Yeah, no (to the bolded part). Chop refers to the floor plan sent to production being chopped down from the Max, not a physical chop of the produced die. Ignoring the feasibility of it for a moment, just consider what yields would be like. The 24-core Max would be easier to produce than a “M1 Pro from M1 Max”, as there’s less of a requirement on where the defect(s) on the die have to land.

It’s much more cost effective yield-wise to be able to produce wafers specifically for the M1 Pro. Let’s run a bit of an experiment using a simulated wafer: https://caly-technologies.com/die-yield-calculator/

Using a 300mm wafer, and assuming that Apple’s dies are square (they aren’t), and using the default defect rates in the calculator (since we don’t have any better estimation and this is just to show a comparison)… the M1 Max would produce 79 good dies and 41 defective ones using these parameters. The M1 Pro would produce 147 with 47 defective. Note, this is best taken as an average you’d expect to see over many dies produced.

Note a couple important things. First, the total defective dies didn’t get much worse, despite nearly doubling the number of good dies. So even if we threw away all the defective dies rather than attempting to salvage them, the smaller die produces nearly double the good chips, and allows me to produce higher quantities faster by using less of the fab’s time. Second, if we assume each wafer is 17000$ (https://www.techspot.com/news/86813-analysts-believe-single-tsmc-5nm-wafer-costs-17000.html) and that the default defect rate in our estimate is reasonable (along with assuming we throw out the defects), then the extra yields mean that my costs per M1 Pro above are around 115$/ea vs 215$/ea for the Max. That’s not insignificant savings. Taking this estimation even further, the M1 itself would be around 39$/ea in the same situation with 434 good dies per wafer. Now, this is not a perfect estimate, but should at least make it very clear that cutting down Max dies after the fact is not even remotely efficient.

 

[MF878]

You’re misunderstanding the way binning works. If a chip has a disabled CPU or GPU core, that does not necessarily mean it has a bad core. It may simply be that the chip is not performing to spec, drawing a bit too much power, and Apple has disabled one core to get it back within acceptable spec. The fact that they disable GPUs more often than CPUs isn’t necessarily “artificial”. It may simply be the best way to get chips back within spec.

Heinlein’s Razor says “Never attribute to malice what can be explained by stupidity.” A corollary of that is never attribute to malice what can be explained by math.
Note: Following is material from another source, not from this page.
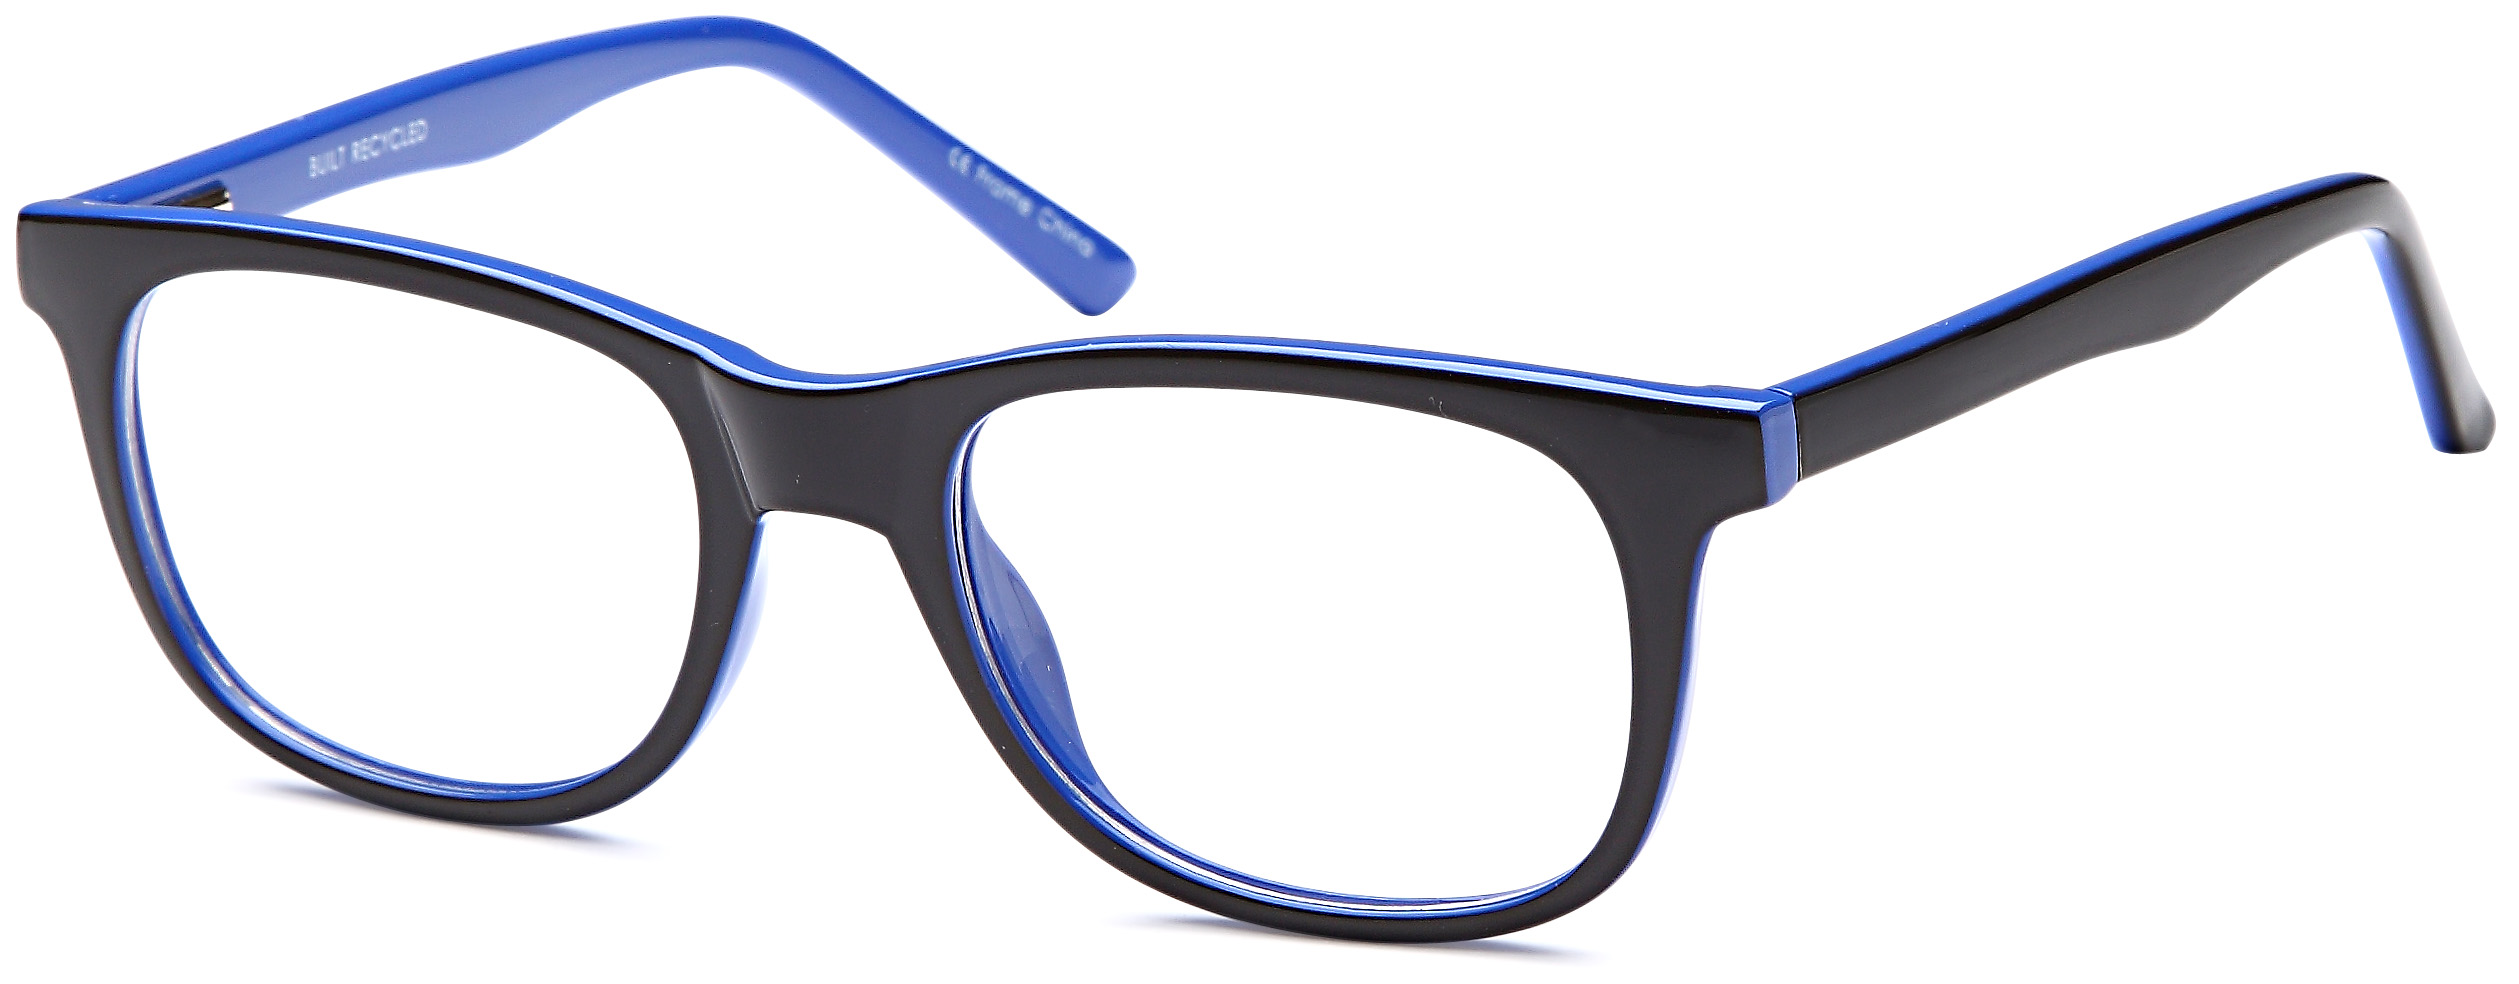 dalix glasses frames in black red womens trendy reading

I don’t think I’m misunderstanding, it’s that those specific details aren’t really relevant to the points I was making so I’m not sure why they need mentioning? Yes, I’m sure there are other reasons to disable cores other than simply “this core doesn’t work”, but that doesn’t really change my overarching point which is that if it is worth doing on the M1 Pro (for reasons of yield and having a more comprehensive lineup that caters to more price points), then there’s no reason to suggest it isn’t also worth doing on the Max.